The Department for Education has released the latest update to the KCSIE document, ready for September 2023. Here are the latest changes summarised and explained by SupplyWell.

The Department for Education has released the latest update to the KCSIE document, ready for September 2023. We encourage all educators to familiarise themselves with the document as part of their safeguarding procedure. Below are the latest updates explained and summarised. 

The latest version of the Department for Education’s document, Keeping Children Safe in Education (KCSIE) can be accessed by following this link.

We recommend a great webinar delivered by Andrew Hall of Safeguarding in schools that explains the changes. You can access the webinar here Keeping Children Safe in Education 2023 (webinarjam.com)

Safer Recruitment

In relation to Safer Recruitment – the new version clarifies that it is good practice to inform shortlisted candidates that online searches may be carried out.

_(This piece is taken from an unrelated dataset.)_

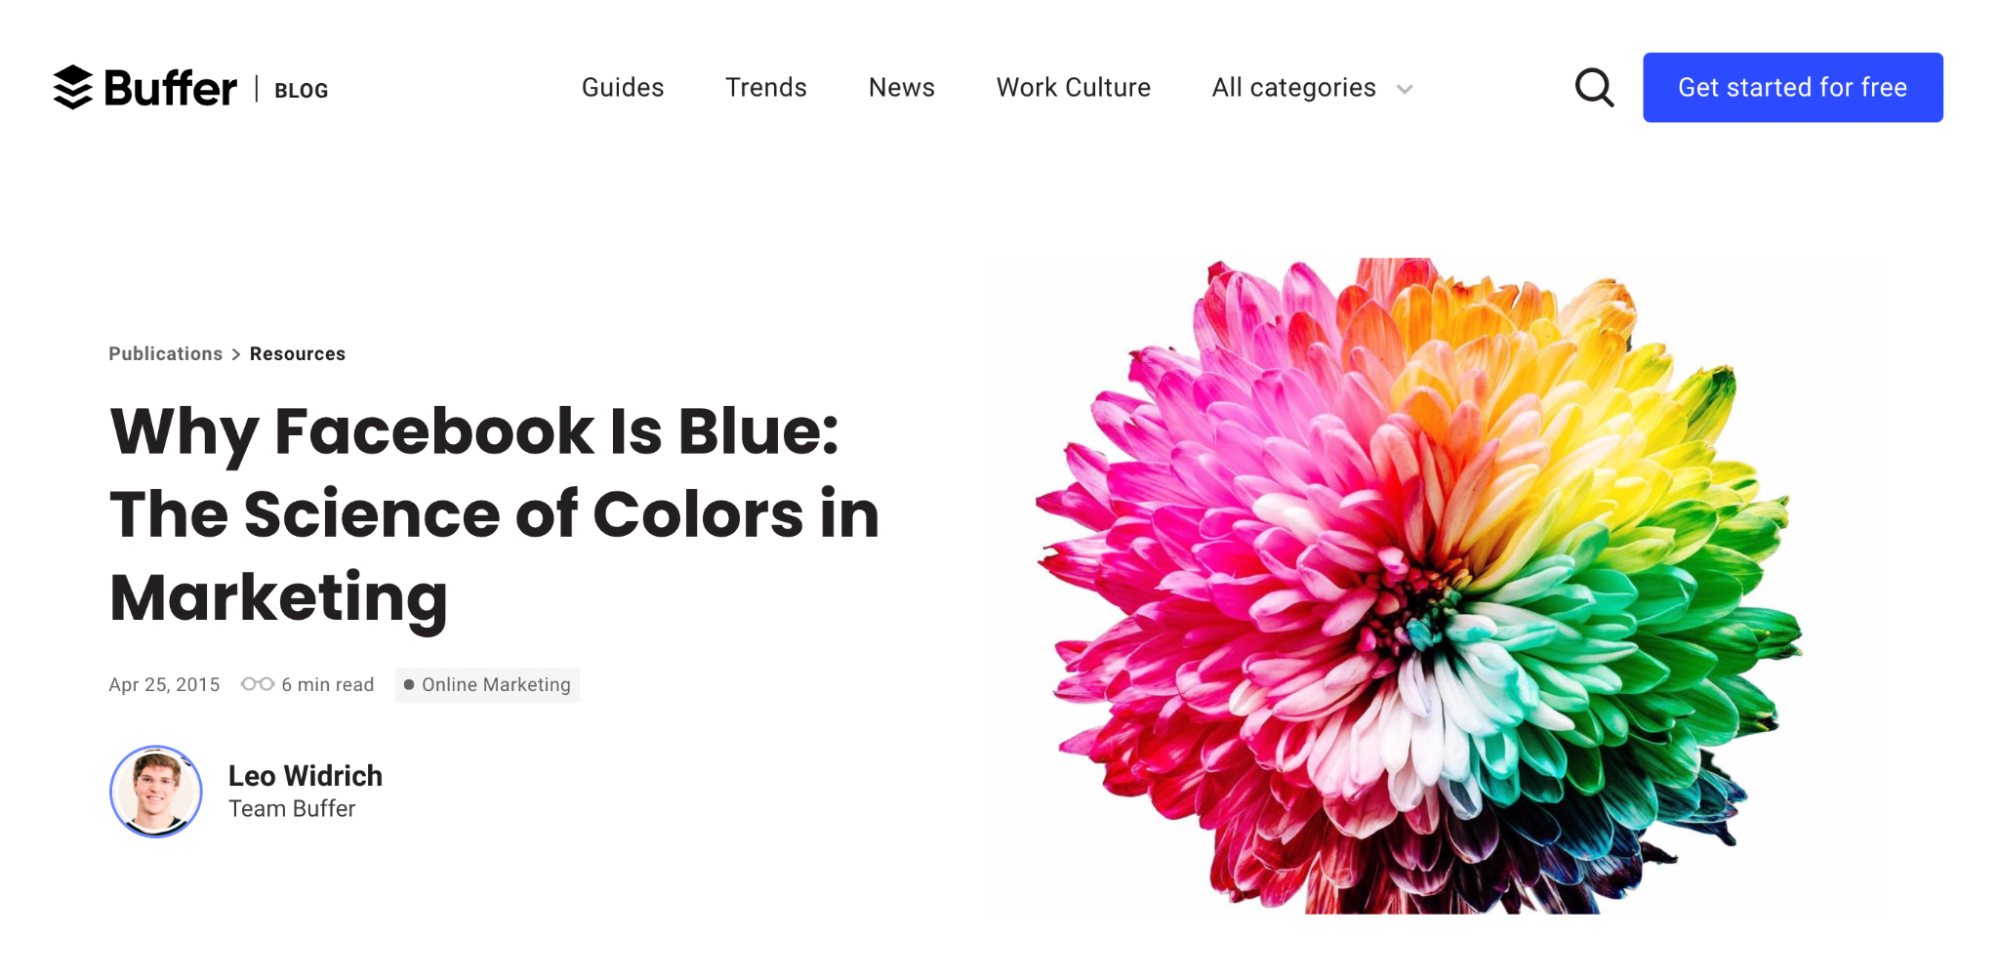 Buffer - Why Facebook Is Blue: The Science of Colors in Marketing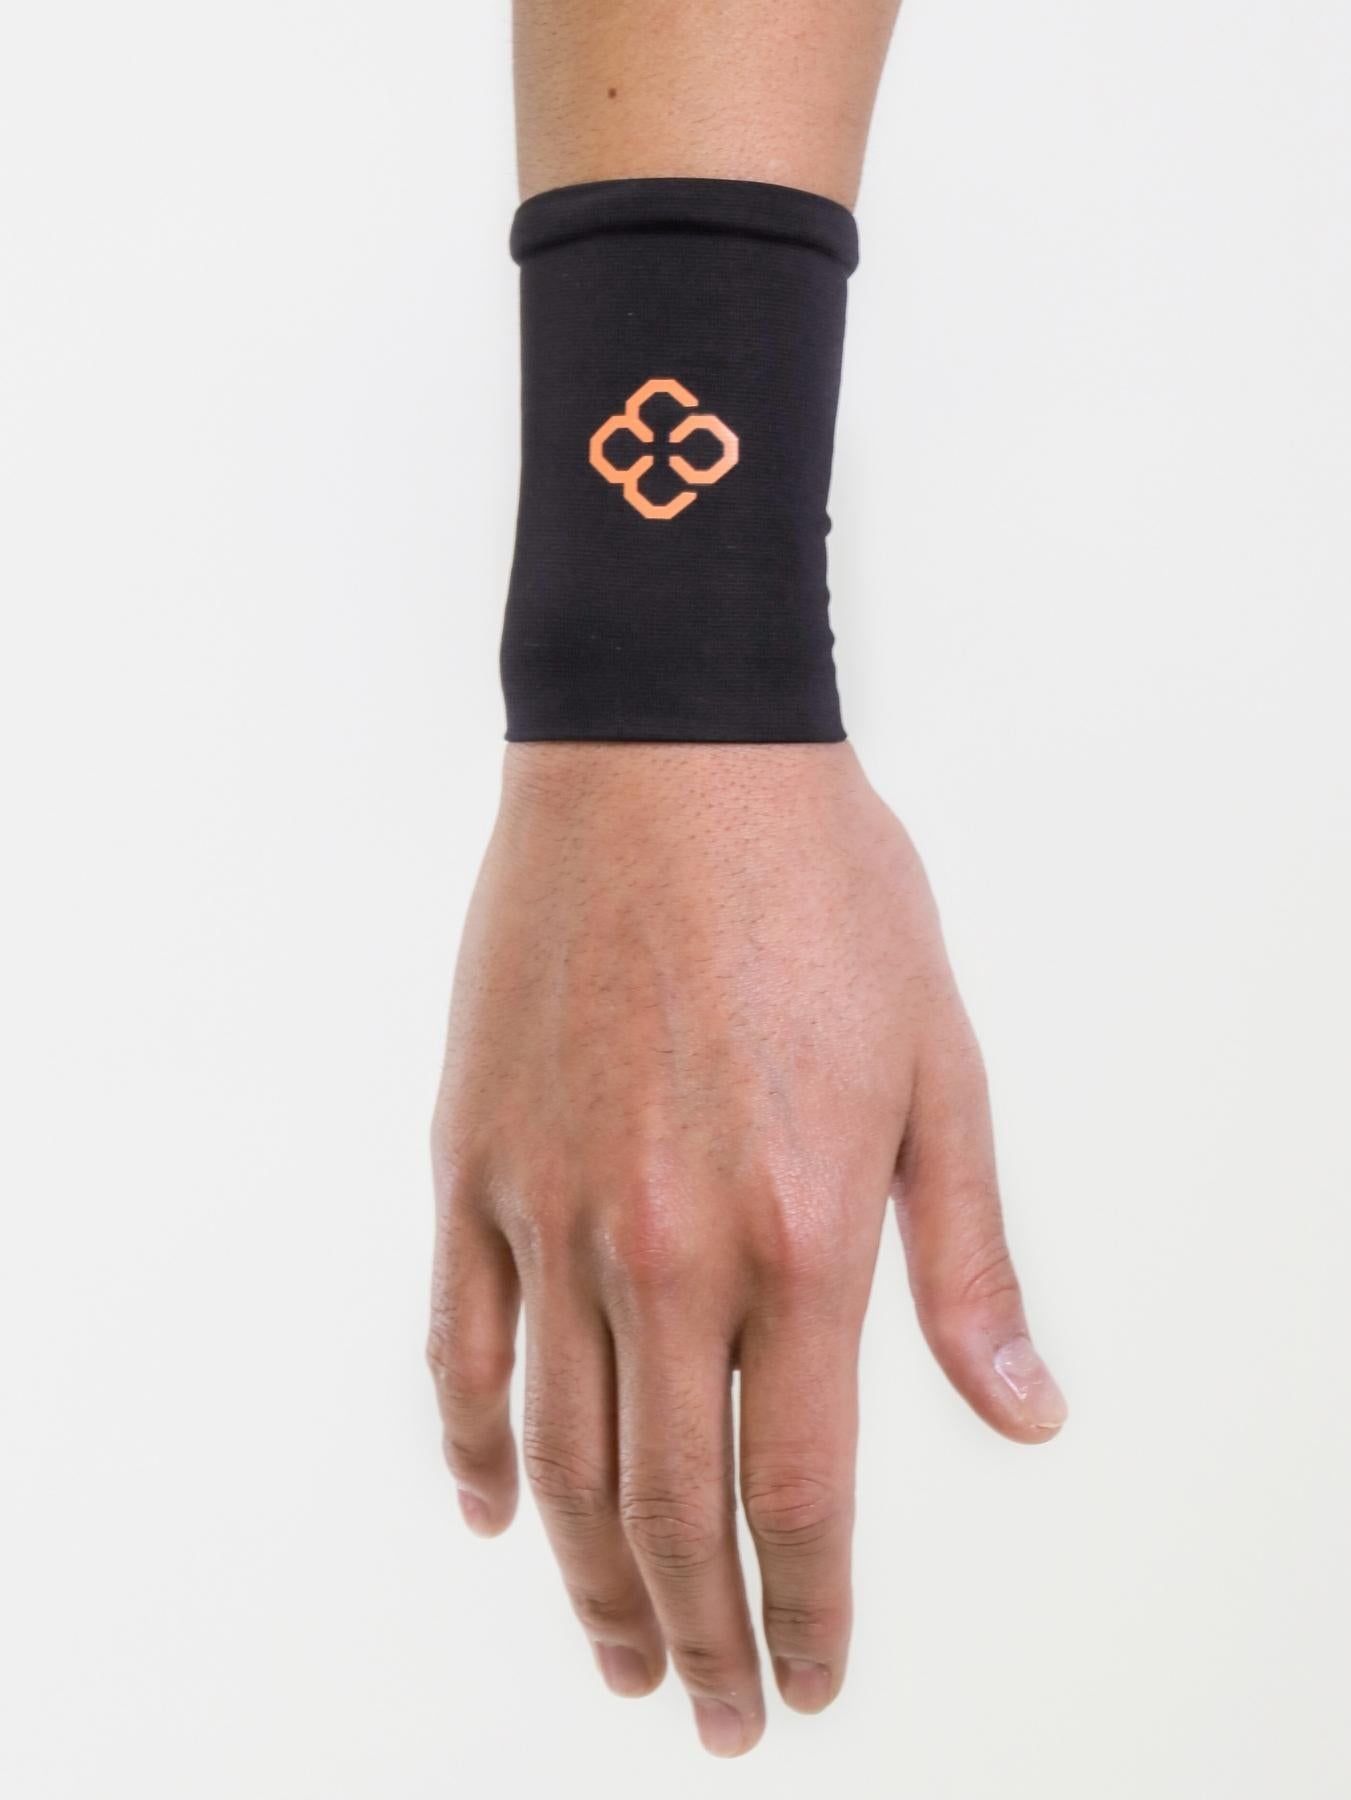 COPPER Compression Wrist/Hand Sleeve – KBM Outdoors

The guidance remains the same on whether these searches need to be completed – ‘schools should consider carrying out an online search as part of their due diligence on the shortlisted candidate’. Indicating that while not mandatory it would be good practice. (see paragraph 221)

Non-school activities:

Where schools are used for non-school activities, those providers are expected to meet the guidance in Keeping Children Safe in Out of School Settings (see paragraph 167);

If schools receive allegations related to an incident that ‘happened when an individual or organisation was using their school premises for the purposes of running activities for children…the school should follow their [own] safeguarding policies and procedures, including informing the LADO’. (see paragraph 377).

Filtering and Monitoring

The government has made a few changes this year. The key topic to be aware of is the implementation of the newly published standards for ‘Filtering and Monitoring’. In particular, all staff are to understand their role in this, and DSLs are expected to have the ‘lead responsibility’. The standards can be found by clicking here.

Children who are absent from education

Updated guidance on school attendance, and children being absent from education for prolonged periods and/or on repeat occasions see Working together to improve school attendance:

Children missing from education’ replaced with ‘Children who are absent from education’;

Updated information on how schools should work with local authority children’s services where school absence indicates safeguarding concerns.

Changes in terminology

  • Updated throughout to include ‘pupils or students’.
  • Reference to teachers can ‘discipline’ has been replaced with teachers can ‘sanction’
  • Replaced children may be ‘vulnerable’ with children may be ‘susceptible’
  • Forced marriage to child marriage, highlighting the changes in law February 2023.

Other changes

  • Following the end of the work of the Independent Inquiry into Child Sexual Abuse (IICSA), the obligation to ‘preserve records’ for the inquiry has now been removed.
  • Since February 2023 it has also been a crime to carry out any conduct whose purpose is to cause a child to marry before their eighteenth birthday, even if violence, threats or another form of coercion are not used. As with the existing forced marriage law, this applies to non-binding, unofficial ‘marriages’ as well as legal marriages. (see page 155).

Remember that the new edition of KCSIE does not come into force until September 2023, and that occasionally changes are made during the interim period, especially to paragraph numbering. We hope you found this guide to the changes to KCSIE useful.